Valentine laughed. 'I married someone else without my father's permission.'

'That is your present wife? - the one who left you?'

'Just so. I have managed only one wife so far. Though she has partly come back.'

Ross looked his enquiry. 'I have been away two weeks.'

'Selina arrived back two weeks before that, accompanied by my son and a dragon of a cousin. Not, of course, here. For some nefarious purposes of his own George has installed her in a little house called Rayle Farm near Tehidy. I have not seen her, nor do I propose to see her. But I am thinking of taking her to law and claiming custody of the child.'

'I must see Cuby,' Ross said, half to himself.

'They too are looking for a smaller home,' Philip said.

'That is, for herself and her mother and her sister and Noelle. I'm hoping my cousin may be able to find something for them. Apparently, now that John has finally given up the fight, there are bailiffs already in the Castle.'

Chapter Five

The following morning, Bella having been persuaded to take a cup of beef tea and been able to keep it down, Clowance felt at liberty to steal a few hours off to pursue her own life. When Edward arrived at eleven she proposed they should walk the length of Hendrawna Beach. The weather remained set fair, windless, pellucid, warm. Dwight had lent Edward two light blue shirts with open necks, and yesterday Edward had ridden into Truro and had had a pair of cotton breeches stitched up for himself while he sat and waited.

'This is not true Cornish weather,' Clowance told him.
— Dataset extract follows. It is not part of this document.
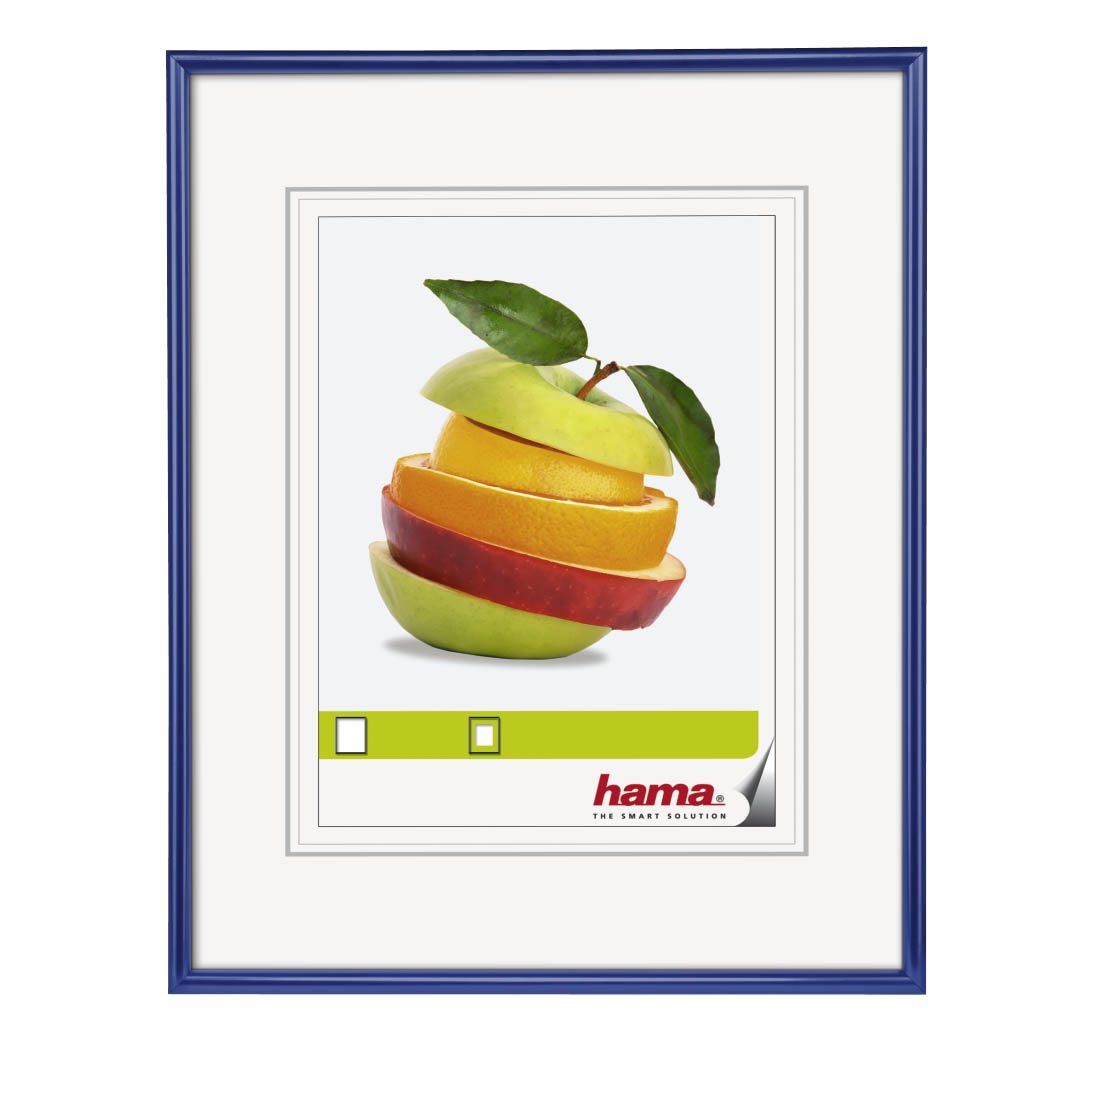 30x40cm Hama Sevilla Plastic Frame Black

'Maybe it is specially for us.'

They set off, through the gate, across the few yards of stony sand covered with marram grass, onto the soft sand seldom reached by the sea, felt it harden under their feet, then they were on the great three-mile stretch of pale gold, bordered on the left by the sleepy sea and on the right by hairy sandhills that soon grew into black granite cliffs, on the first of which Wheal Leisure muttered and smoked. For a while they walked in silence. Then she said: 'D'you mind if I take off my shoes?'

'I'll carry them.'

'No. Thank you.'

He said: 'Do you mind if I take my shoes off?'

She giggled. 'Not at all.'

She had been able to kick her shoes off and pick them up while standing; he had to unlace his, so squatted on the sand. While he was doing this he recounted to her his visit to Mr Norris the tailor, who seemed to spend all his life with his mouth full of pins. Then they were off again, squelching into the occasional puddle, talking in a companionable way.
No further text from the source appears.